De meningen zijn wat verdeeld over de lampionplant (Physalis alkekengi). De ene tuineigenaar roemt hem om zijn mooie oranje-kleurige lampionnetjes, de ander verfoeid hem omdat hij zich door zijn woekerende karakter gedraagt als onkruid. De lampionplant zelf neemt genoegen met schrale grond. Hoe meer voedsel, hoe hoger hij zal worden. De planten kunnen uiteindelijk wel een hoogte bereiken van zo’n 120 centimeter.
De lampionplant ontleent z’n naam uiteraard aan het ballonvormige omhulsel van de besvrucht. Dat opgeblazen vruchtomhulsel is niet de bloem. De bloem zelf is nauwelijks interessant. Ze verschijnen in de maanden juni en juli. Na de bloei vormt zich het omhulsel van de vrucht. Die vrucht – of liever bes- heeft een oranje-gelige kleur en is niet zichtbaar door het omhulsel eromheen.
Het is nog steeds onduidelijk waar de plant oorspronkelijk vandaan komt. Men gelooft dat hij inheems is geweest in Japan en uiteindelijk zijn natuurlijke grenzen heeft bereikt in Centraal- en Zuid-Europa. Dat de lampionplant een lange reis achter de rug heeft tonen ook sommige van zijn Engelse namen aan: Chinese lantern en Jerusalem cherry.

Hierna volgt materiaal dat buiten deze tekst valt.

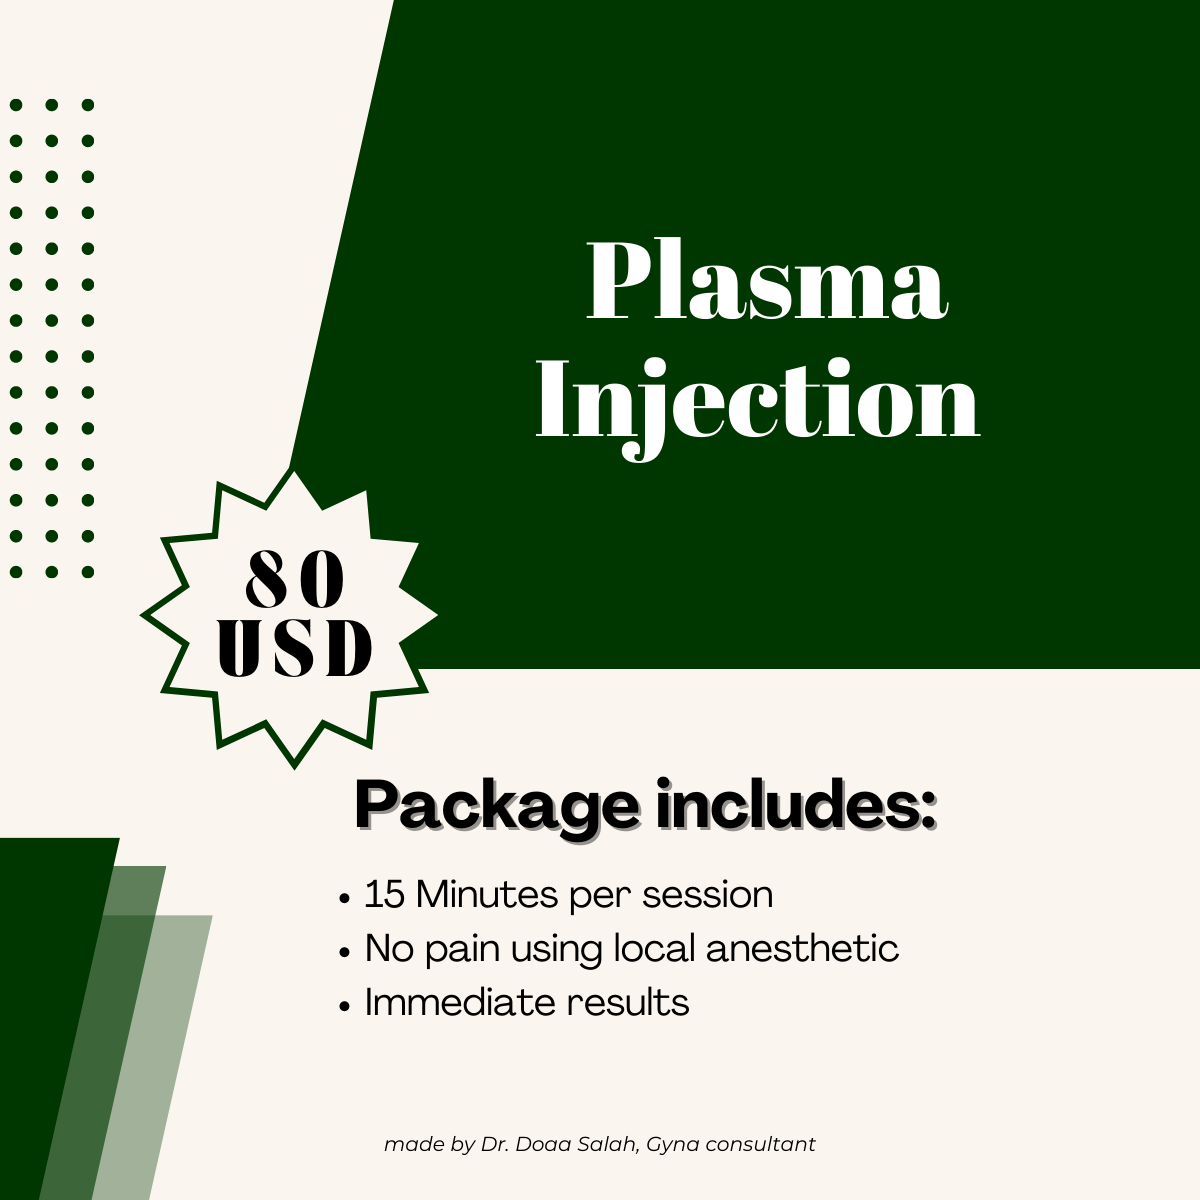 Plasma injection

Het eerste deel van zijn wetenschappelijke naam, ‘Physalis’, is afkomstig uit het Grieks: ‘physa’ betekent ‘blaas’ en is een verwijzing naar het omhulsel. Het tweede deel, ‘alkekengi’, heeft taaltechnisch een behoorlijke reis achter de rug. De eerste stap komt van het Franse woord ‘alkekenge’, gevolgd door het Spaanse ‘alquequenje’. Doordat Spanje eeuwenlang door de Moren overheerst is geweest, is het niet verwonderlijk dat hun woord uiteindelijk uit het Arabisch afkomstig is: ‘al-kakanj’ betekent ‘krent uit Herat’. En Herat is weer een oeroude stad in Afghanistan.